Времена Амирана. Книга 6: Путь зерна - Голубов Сергей Николаевич 2 стр.


В самый первый день как-то ничего не запомнилось кроме дикого ужаса. Тогда прилетели сразу несколько – сколько, этого никто не мог сказать – спорили потом, чуть не дрались. Да кто же их считал тогда? Бегали как сумасшедшие, орали, прятались, кто где и как мог. Потом недосчитались одной коровы и трех человек. Когда все закончилось и все немного пришли в себя, собрались в этом же зале, где всегда и собирались по всяким важным и торжественным случаям. Дедушка Сам, старый маг, которого вопреки стараниям священника не изгнали поскольку он приносил общине удачу, сказал тогда, что, как ему кажется, больше такого не будет. Как принесло зло каким-то враждебным ветром, так и унесло дальше. Взяли эти твари свое, ну и все. Можно жить, как жили. И наутро вышли, как всегда, в море на промысел.

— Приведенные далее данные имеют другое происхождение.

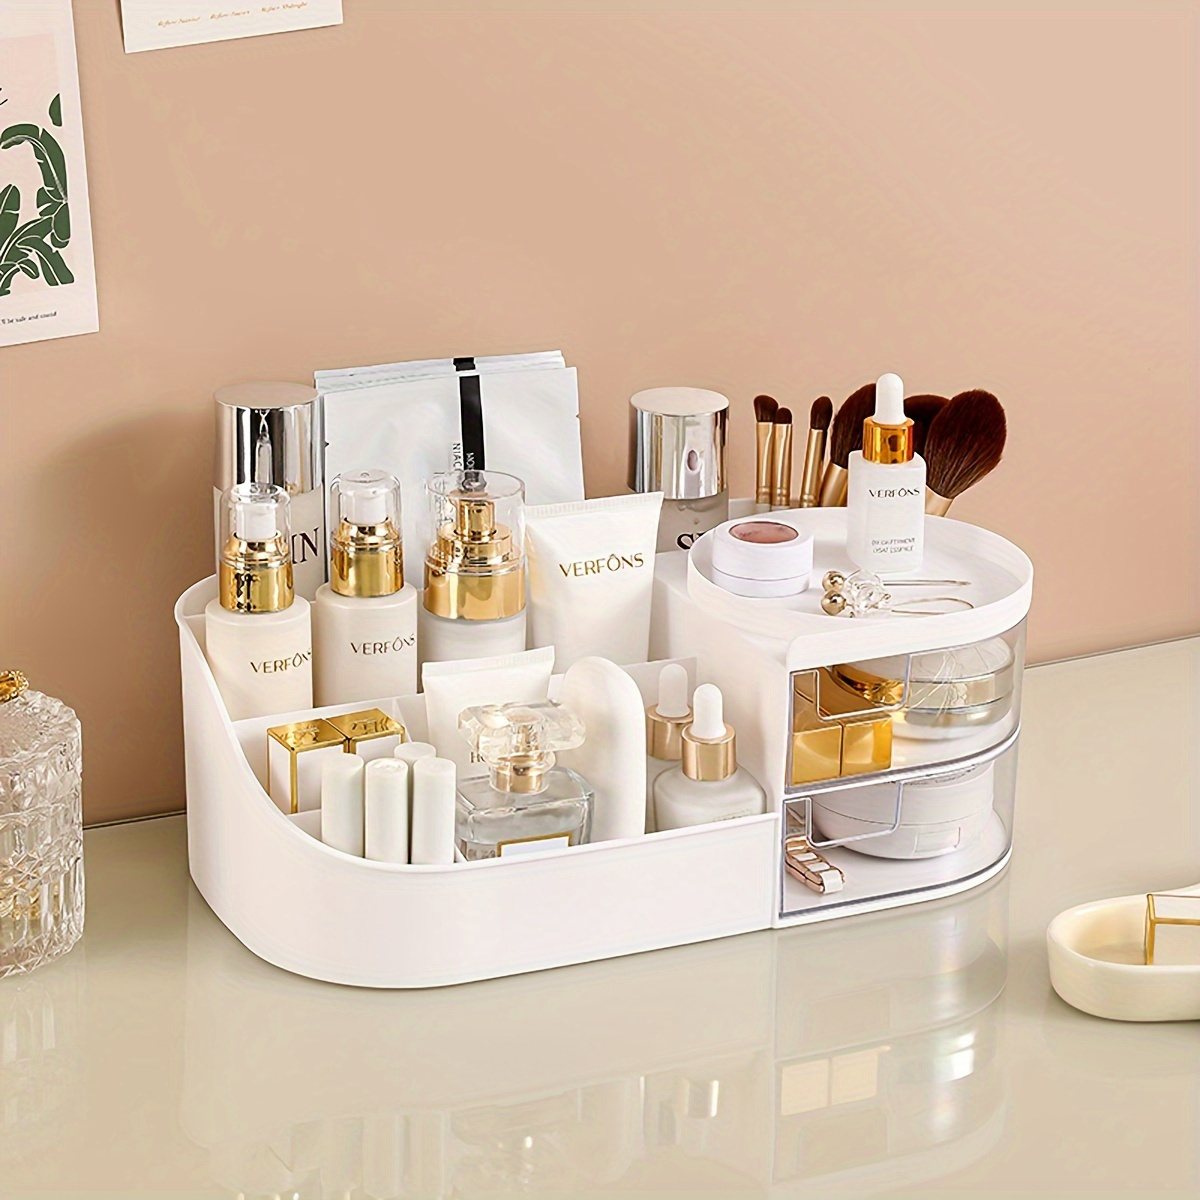 

Modern White Rotating Makeup Organizer With Mirror, Drawer & Lipstick Holder - Plastic Vanity Cosmetic Storage Box For Skincare And Accessories

И вот, когда лодки были в море и пора было вытягивать сети с добычей, опять прилетели эти… А там-то, в море, куда денешься? Ну, попрыгали с испугу в воду. Так все равно же, весь-то в воду не уйдешь. Не рыба же. А те – что? Опускались до самой воды и когтями да зубами выхватывали барахтающихся. И бесполезно было нырять, ну разве только если ты решил утонуть – тогда да… А так!.. Все равно же вынырнешь. Вот тут и…

В общем, вернулись не все и без рыбы. Да что там – рыба!.. и сети бросили. Не до них.

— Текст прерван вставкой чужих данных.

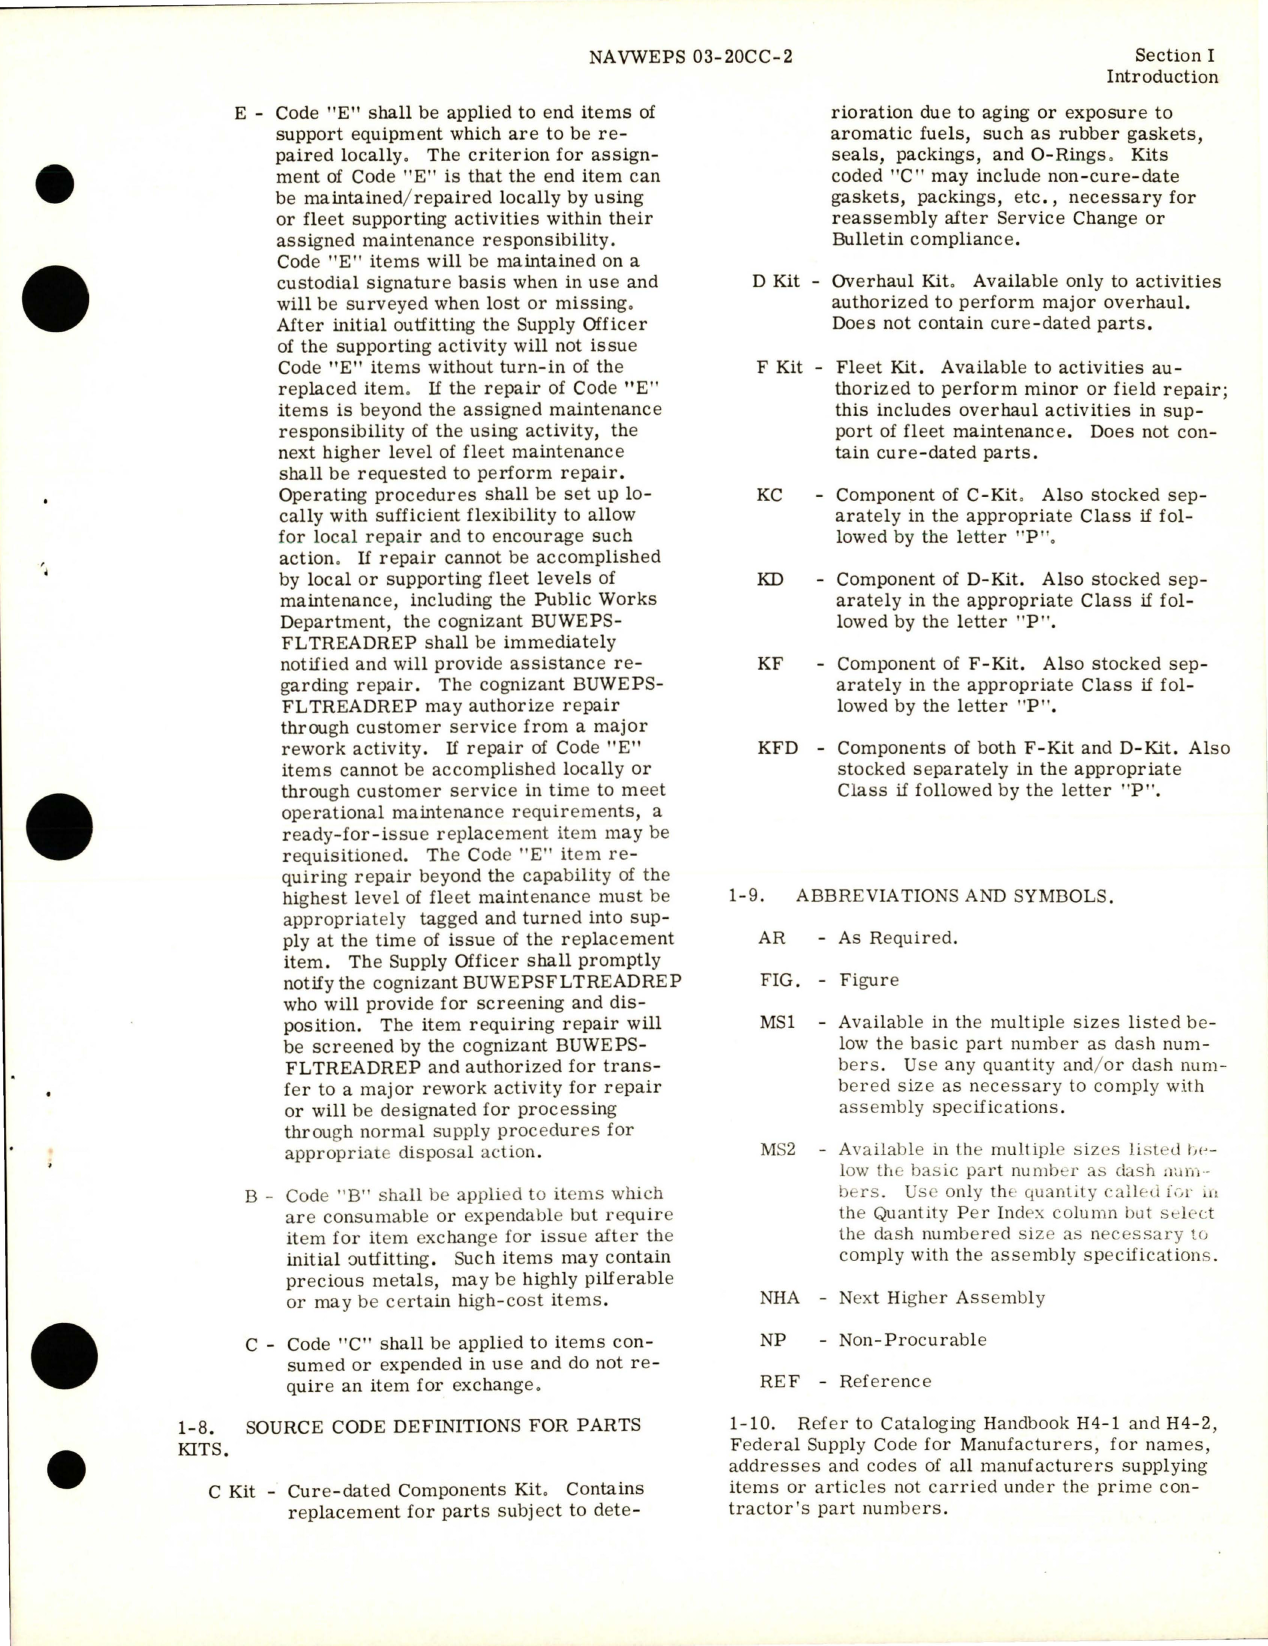 Sample page 7 from AirCorps Library document: Illustrated Parts for Variable Pitch Aircraft Propeller and Blade Assembly

А на следующий день случилось то, что положило начало их новой, теперешней жизни.

В тот день все мужское население вновь собралось в зале собраний. Никто уже и не думал о том, чтобы выходить на промысел или заниматься какими-то еще делами. Какие дела? То, что произошло вчера… Ведь даже и хоронить некого. Сожрали проклятые твари. На сей раз пятерых сожрали, и, если так пойдет и дальше, то поселок опустеет. Кто следующий?!.

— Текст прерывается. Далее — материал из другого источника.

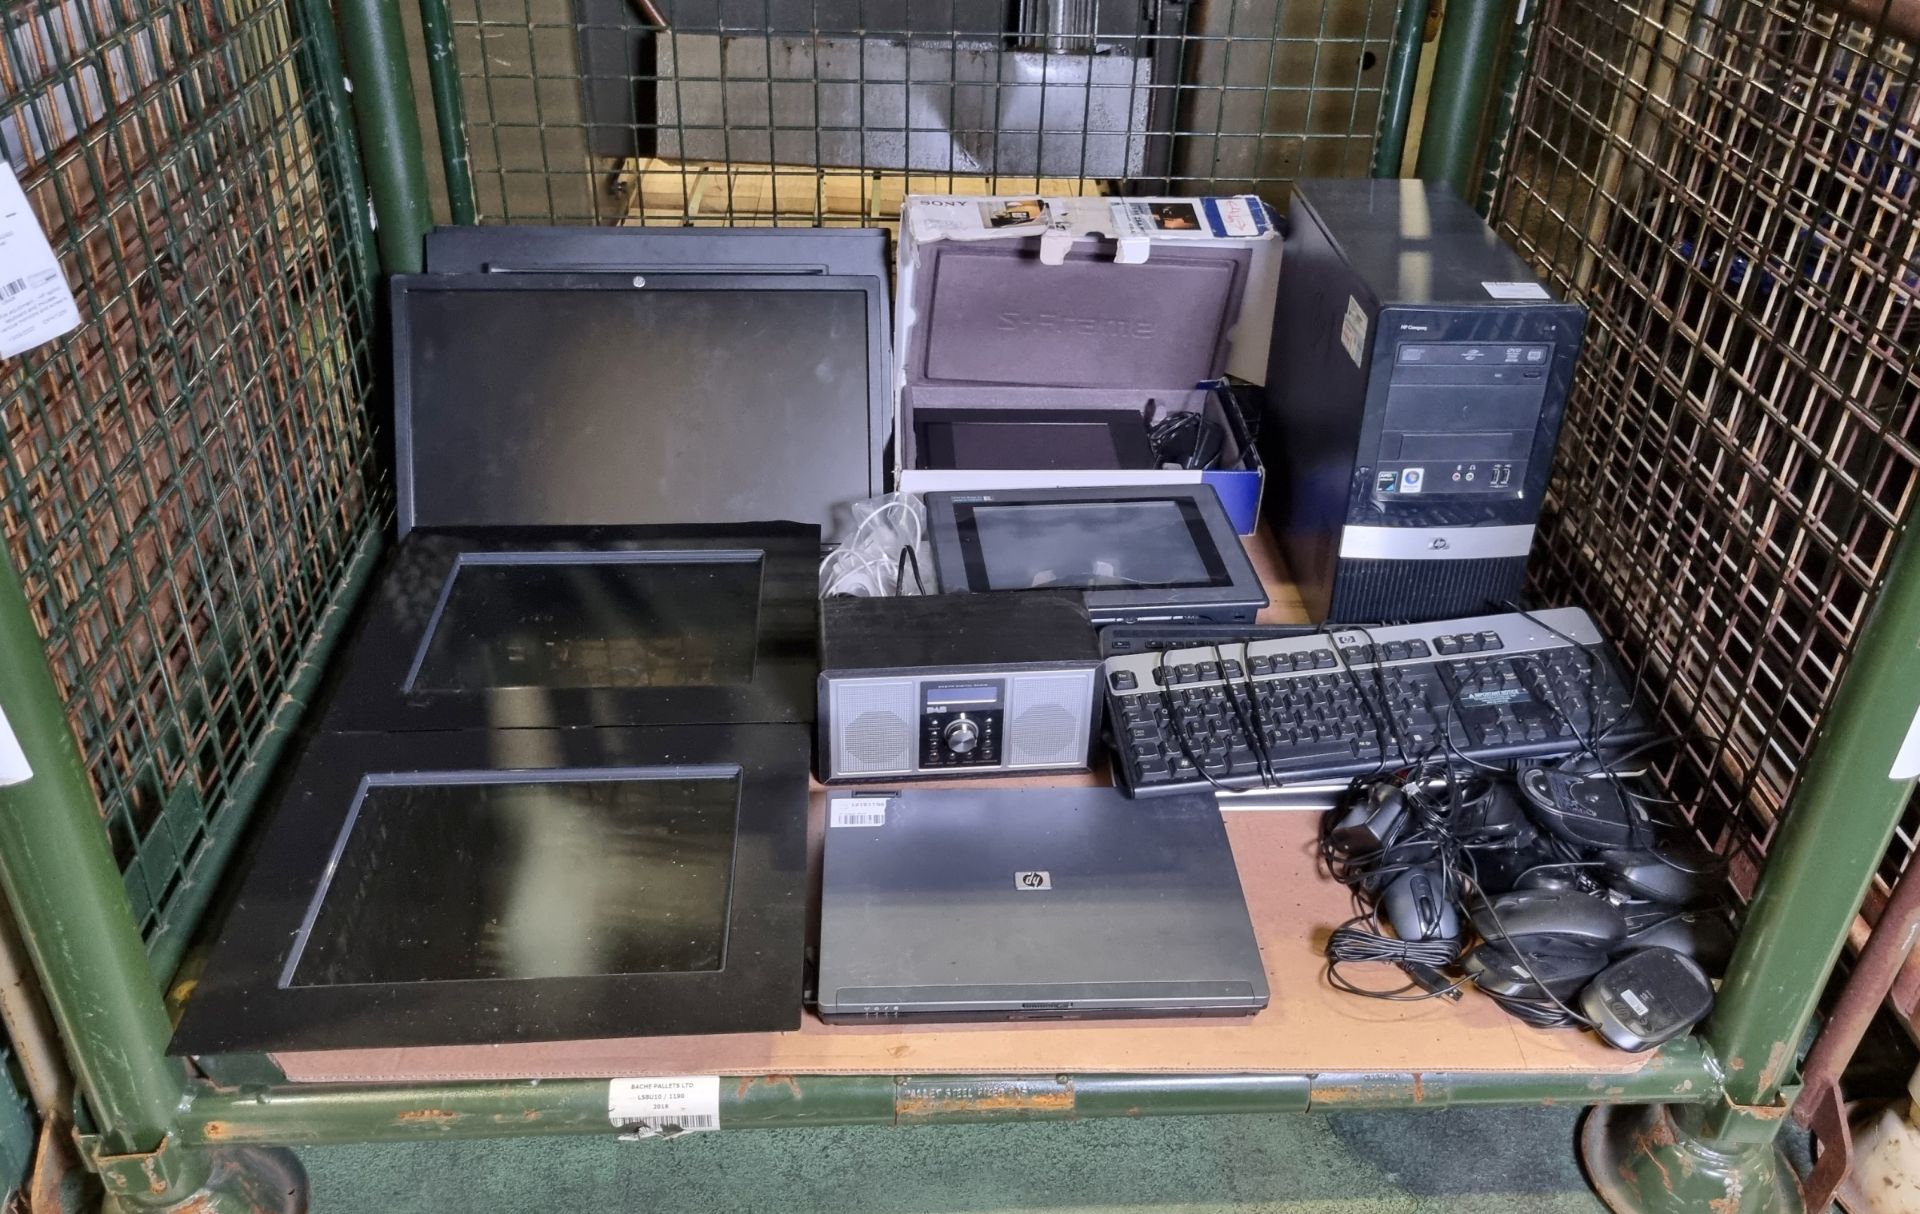 Office equipment - HP laptop, keyboard and mice, various monitors and screens, HP Compaq DX2450

И нелегкая вынесла вперед все того же дедушку Сама. Что-то он начал говорить, старый дурак – молчал бы!.. так нет. Что он там говорил, неважно, но вспомнили, как он убеждал, что беда прошла, что унесло ее ветром, как, бывает, в степи уносит тучу саранчи. И вот кто-то из родственников невернувшихся вчера подскочил к старому магу и тяжелым рыбацким кулаком выбил ему остаток зубов в его лживой вонючей пасти, заставив заткнуться.

И тут раздался крик:

– Летят!

И все вскочили и бросились к двери на улицу. Смотрели, не выходя наружу. Смотрели вверх. А там, в сером облачном небе не спеша совершал свой полет он – Крылатый Змей.

Главное, он был один. Одинокая тварь спускалась по спирали к центру поселка, очевидно рассчитывая на такую же легкую поживу, как и в прошлый раз. Но на сей раз улицы были пусты.

Что подвигло Дауда бен-Шлиегу на этот поступок, он и сам не знал, и потом не мог вспомнить. Мгновенное озарение, импульс, подтолкнувший его, это было что угодно, только не рассудок. Рассудок молчал. Ему нечего было предложить.

Дауд подскочил к злополучному старому магу и, пока все в остолбенении смотрели на то, что он творит, он содрал с него халат, рубаху, сапоги и штаны, Скрученной же, превращенной в некое подобие веревки, рубахой связал за спиной слабые старческие руки и, взвалив тело дедушки Сама на плечо, выскочил на площадь перед Домом Собраний.

Свалив ношу на землю, Дауд задрал голову вверх, туда, где уже совсем близко парило чудовище. Дальше Дауд, действуя опять же импульсивно, по наитию, сделал вот что: он, все так же глядя на распростершую над ним свои крылья смерть, опустился на колени и, воздев руки к небу, заорал:

– Это тебе! Тебе от нас! Возьми и никого больше не трогай!

И, опустив руки, указал на голое тело, лежащее у его ног. После чего развернулся и, стараясь изо всех сил не пуститься бегом, неторопливо зашагал ко входу в Дом Собраний. Навстречу вытаращенным глазам своих земляков. Голову он держал гордо задранной кверху.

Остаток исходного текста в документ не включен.